A Chinese Foreign Ministry statement said that Pelosi had disregarded China’s serious concerns and resolute opposition to her visit. It called Pelosi’s visit provocative and said it undermines China’s sovereignty and territorial integrity.

China is against Taiwan engaging in foreign relations.

Tourists gathered on Friday along the Chinese coast, across from Taiwan to see if any military plane was heading towards the area.

Fighter jets could be heard flying overhead and tourists taking photos chanted, “Let’s take Taiwan back,” looking out into the blue waters of the Taiwan Strait from Pingtan island, a popular scenic spot.
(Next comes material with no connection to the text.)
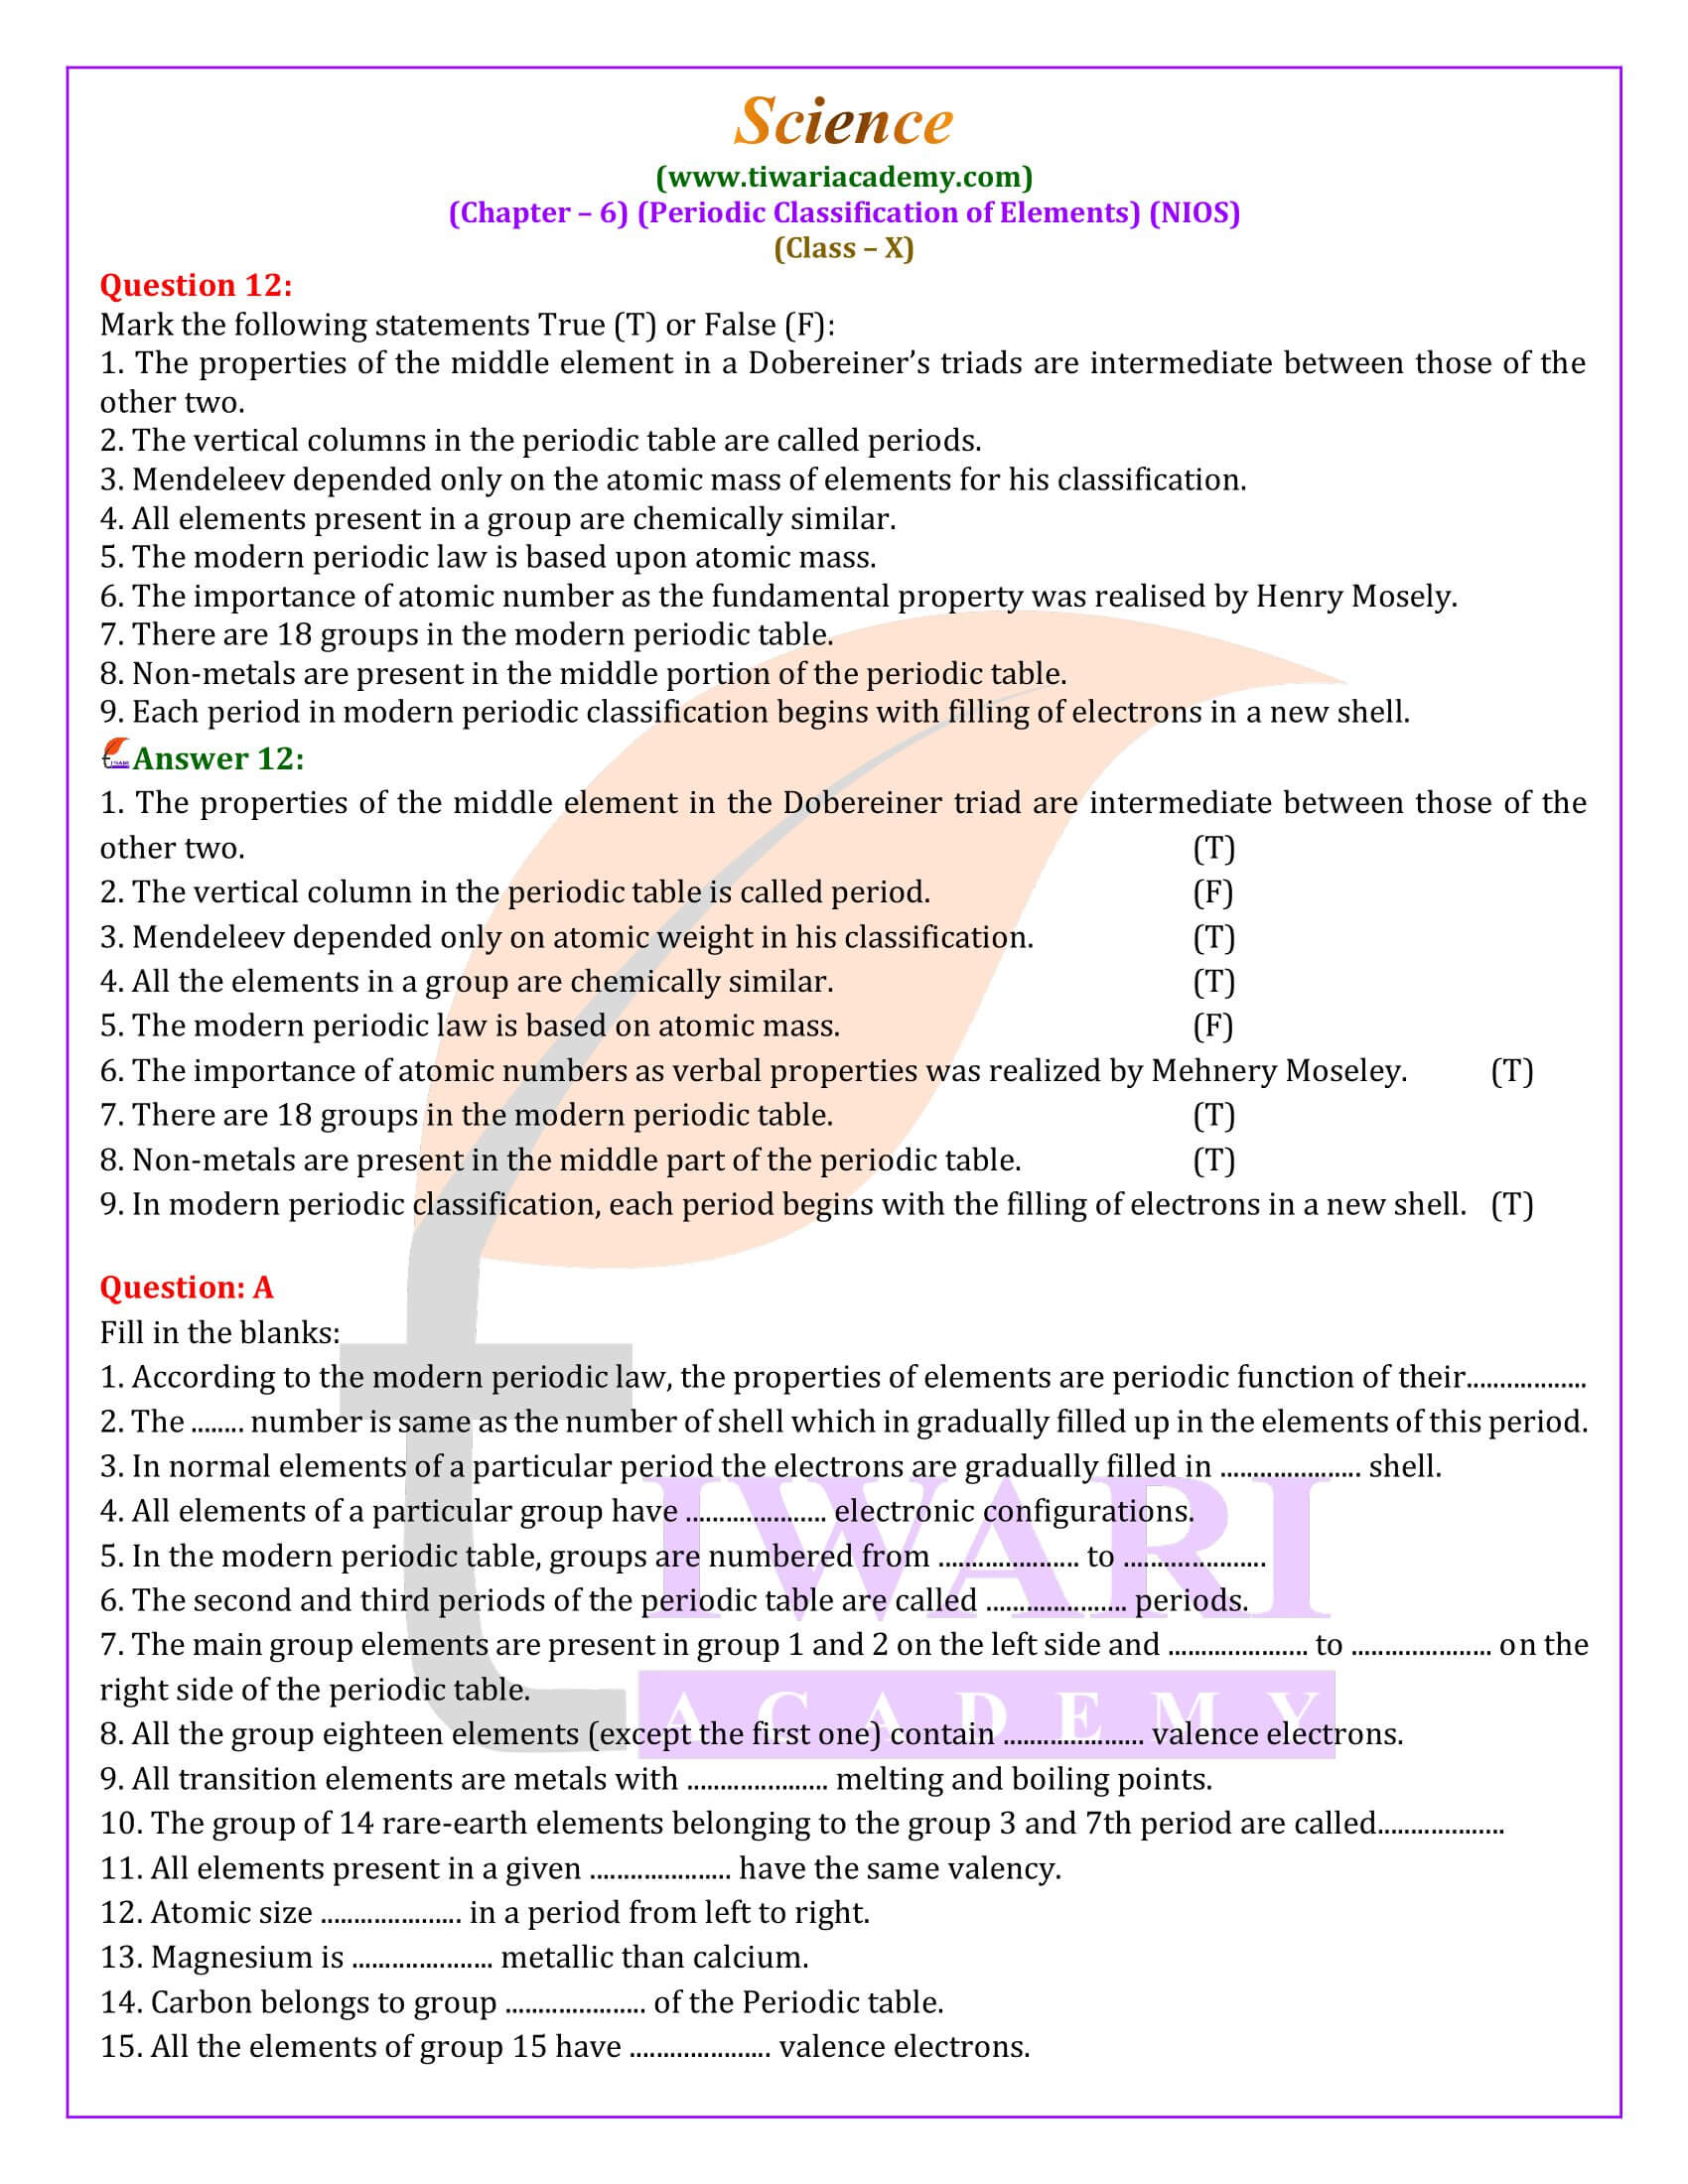 NIOS Class 10 Science Chapter 6 Question Answers

China’s insistence that Taiwan is its territory and threat to use force to bring it under its control has featured highly in ruling Communist Party propaganda, the education system and the entirely state-controlled media for the more than seven decades since the sides divided amid civil war in 1949.

Island residents overwhelmingly favor maintaining the status quo of de facto independence and reject China’s demands that Taiwan unify with the mainland under Communist control.

According to the Taiwan Defense Ministry, China has sent warplanes and military ships across the Taiwan Strait’s mid-line on Friday morning. This crossing of what was for many decades an informal buffer zone between Taiwan and China, is a significant step in the history of this area.

Five of the missiles fired by China since the military exercises began Thursday landed in Japan’s Exclusive Economic Zone off Hateruma, an island far south of Japan’s main islands, Japanese Defense Minister Nobuo Kishi said. He said Japan protested the missile landings to China as “serious threats to Japan’s national security and the safety of the Japanese people.”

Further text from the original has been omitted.